A will or testament is a legal document by
which a person, the testator , expresses their
wishes as to how their property is to be
distributed at death, and names one or more
persons, the executor , to manage the estate
until its final distribution. 

A gift of Personal property through a will is known as a LEGACY, and the beneficiary is called a LEGATEE
A gift of real property through a will is known as a DEVISE, and the beneficiary is DEVISEE

A person who wishes to pass his estate to his heirs may do so through a will, where he does not, his estate forms intestate estate and is governed by Laws relating to intestacy. Subsequently we will examine the laws relating to making of a will in another post, but here our focus will be on INTESTACY. 

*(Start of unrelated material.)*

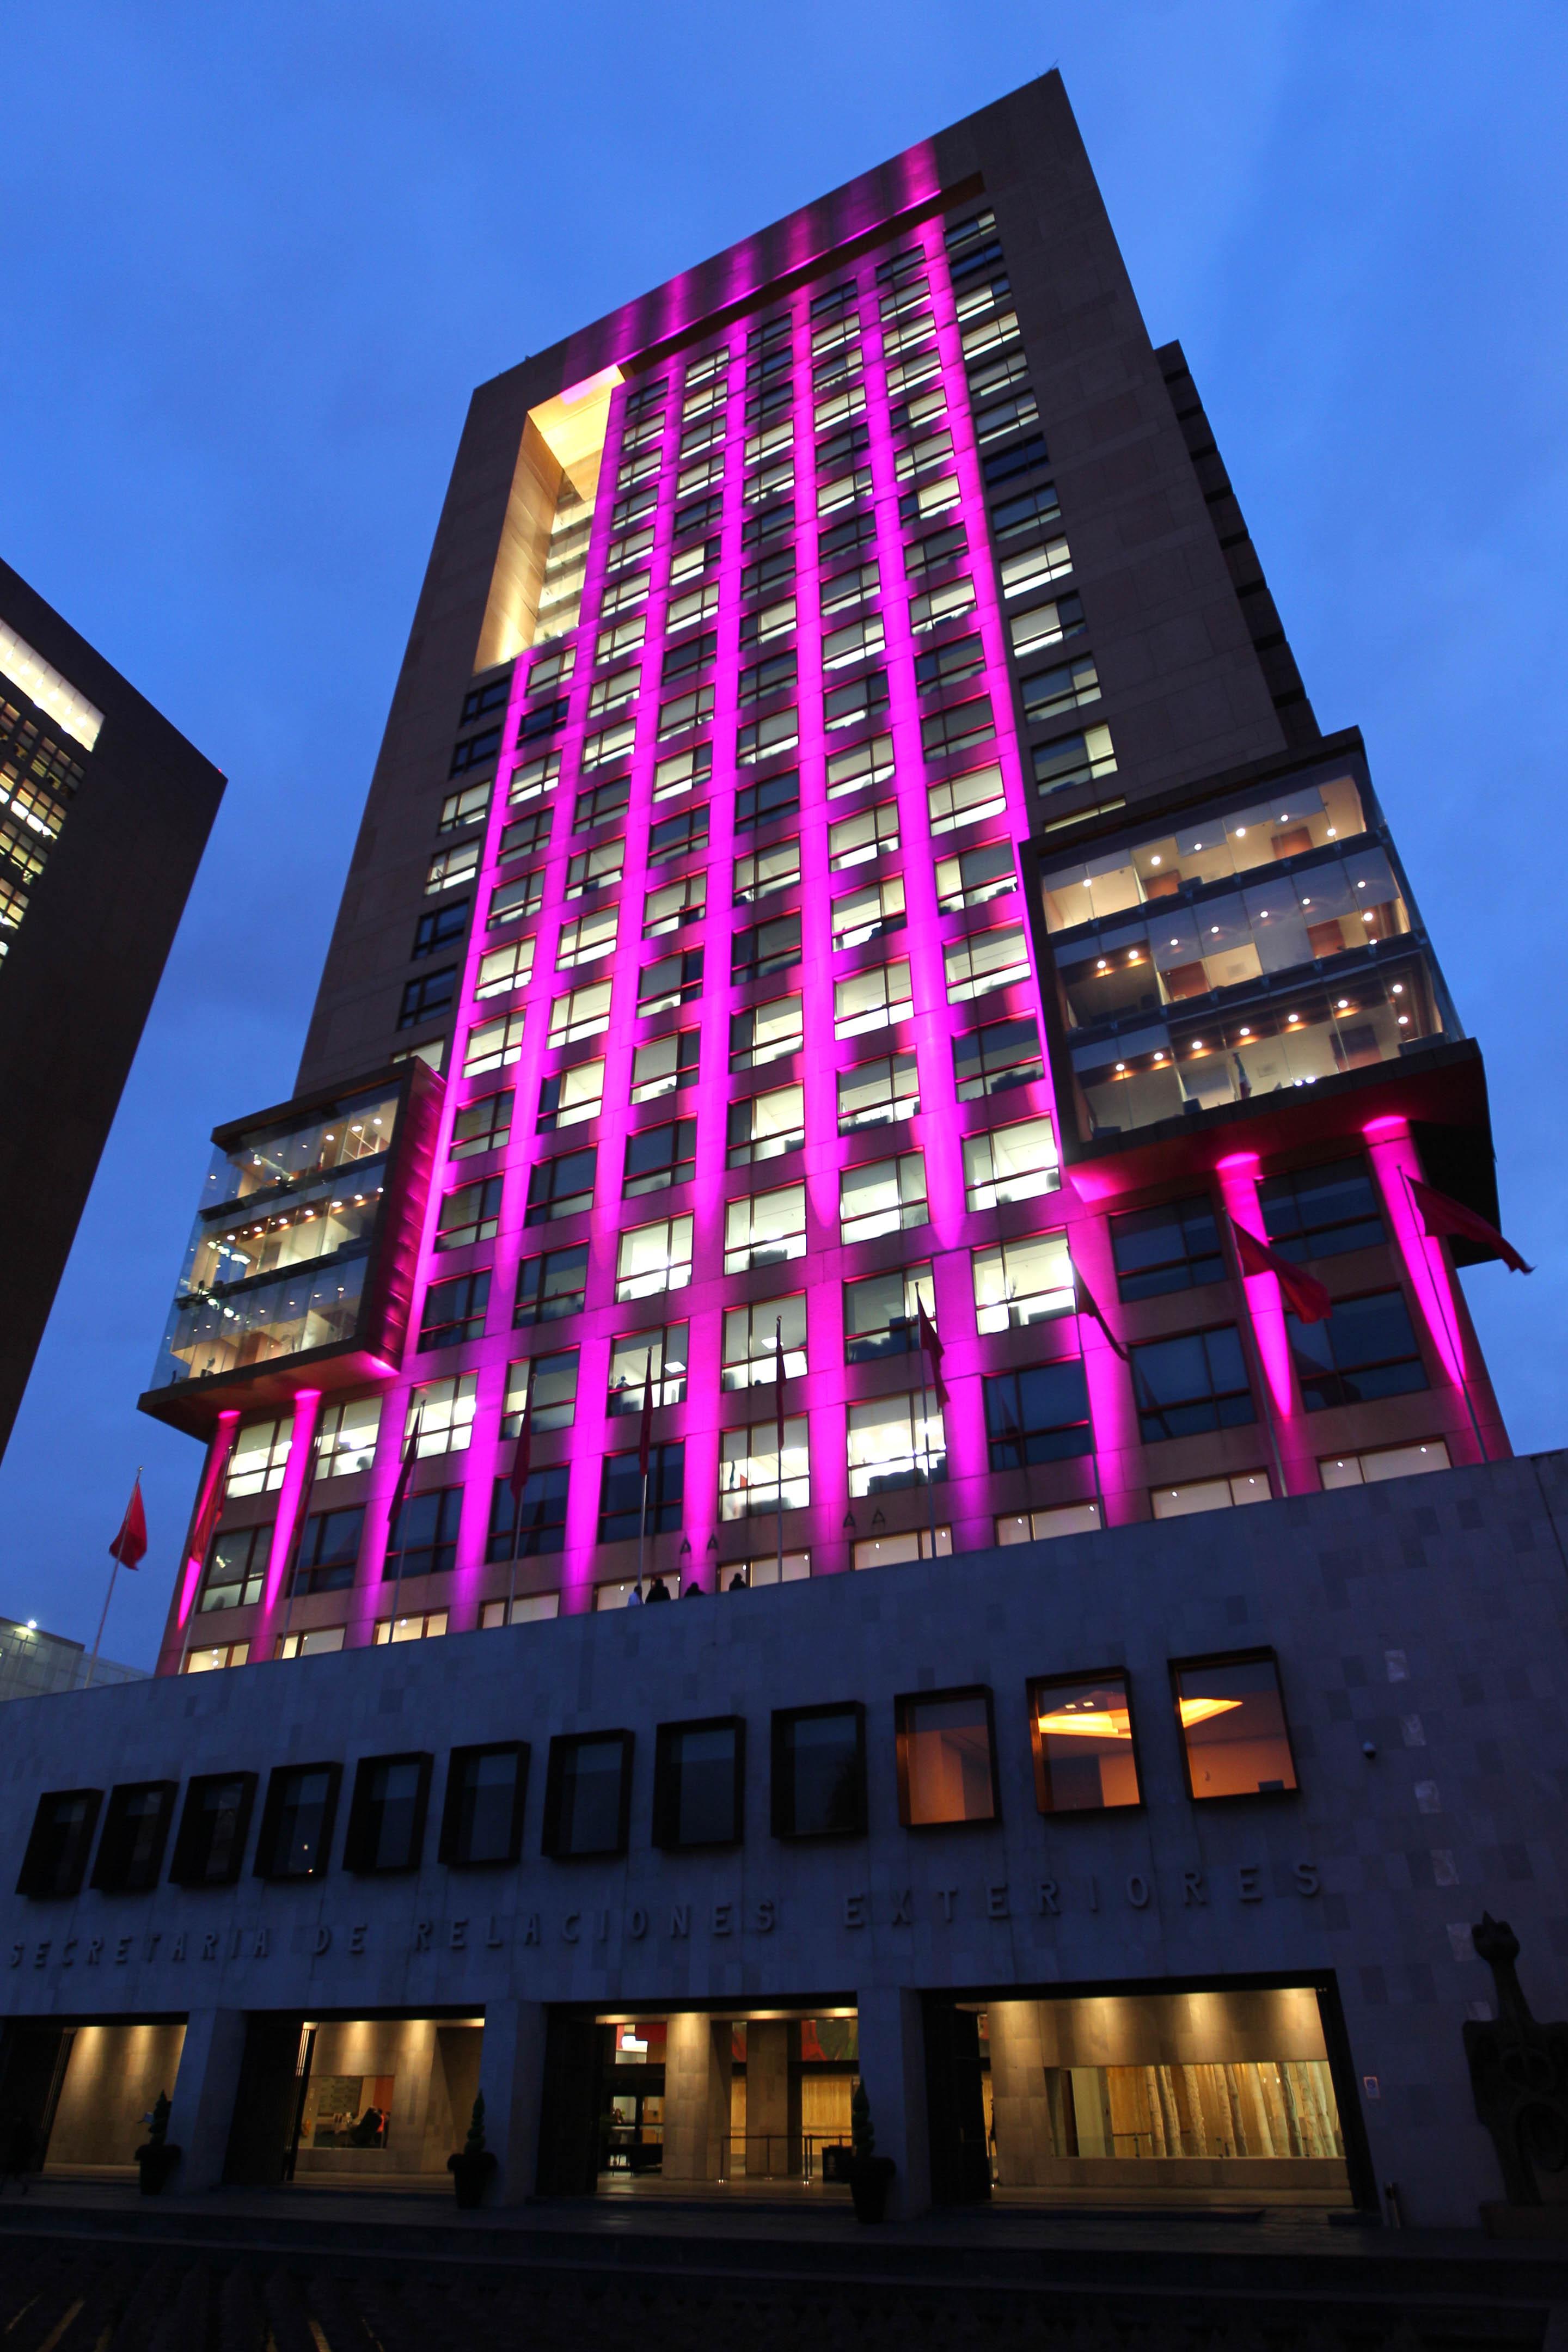 FOTO 2 Edificio de la SRE se ilumina de rosa en el D a internacional de la lucha contra el c ncer de mama.jpg

Intestacy is the condition of the estate of a person who dies without
having made a valid will or other binding declaration. Alternatively
this may also apply where a will or declaration has been made, but
only applies to part of the estate; the remaining estate forms the
" intestate estate".

Where a person dies intestate, his estate is governed by the personal law of the deceased and the rules of equity. If during his lifetime, the deceased was subject to customary law, his estate would devolve in accordance to the rules of Customary Law, but where not, his estate is governed by the Administration of Estates Law of the various states in Nigeria. (see SALUBI v. NWARIAKU)

Where a person whose estate is governed by customary law on intestacy, a letter of administration need not be obtained for devolution of the property and the property may be shared by the community head or family head in line with the prevalent custom; but where the property is bound by the Administration of Estates Law, a letter of administration must be obtained.

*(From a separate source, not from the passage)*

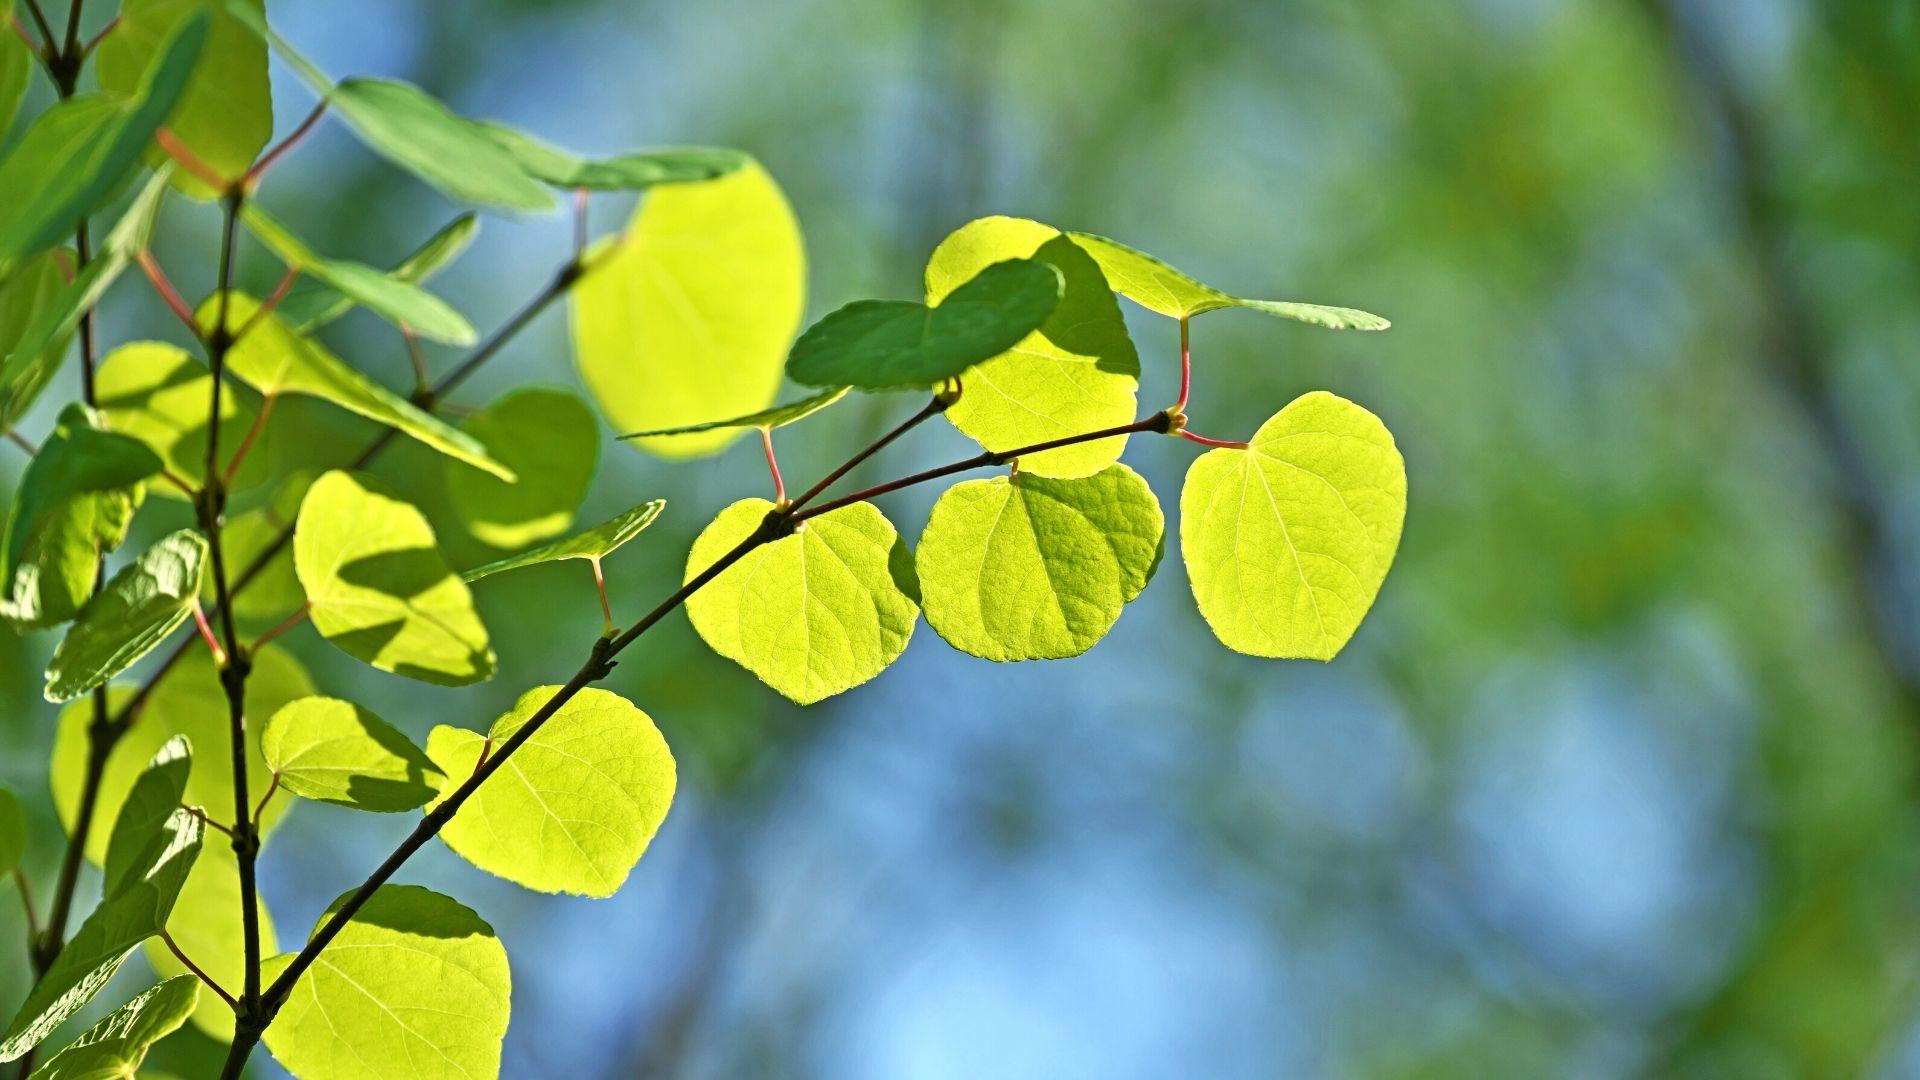 L'arbre de Katsura se nomme aussi arbre caramel

Letter of Administration is the legal authority granted by the Probate Court to a person
called the administrator or administratrix to administer the estate or property of a
person who died intestate. A person is said to have died intestate when he dies without
leaving behind a valid will. The administrator derives his or her authority to act from
the terms of the letters of administration, and where the letters of administration is not
granted, an administrator lacks the authority to act. Ademola v. Sodipo (1989) 5 NWLR (Pt. 121)329.

Any person interested in the Estate of the deceased may apply for a letter of administration. This includes relatives, children of the deceased born in or out of wedlock.(see Section 26 (1) of the Administration
of Estate Law, Laws of Lagos State,
Volume 1, CAP A3, 2003)

The maxim number of persons that can apply for a letter of administration is four. (see Section 24 Administration of Estate Law, Laws of Lagos State).

Section 49(1) of the Administration of Estates Law states that, the estate of a person
who died intestate shall be distributed in the following manner; the surviving husband or
wife shall take the personal chattels absolutely and in addition the estate (excluding
personal chattels) shall be charged with the payment of a net sum of money equivalent
to the value of one third of the estate, free of funeral expenses, to the surviving
husband or wife plus interest from the date of death at the rate of 2½ % per annum
until paid or appropriated and subject to providing for that sum the estate (excluding
personal chattels) shall be held as follows; (a) one-third upon trust for the surviving
husband or wife during his or her lifetime and subject to such life interest, on the
statutory trusts for the children of the deceased; and (b) two thirds on the statutory
trusts for the children of the deceased.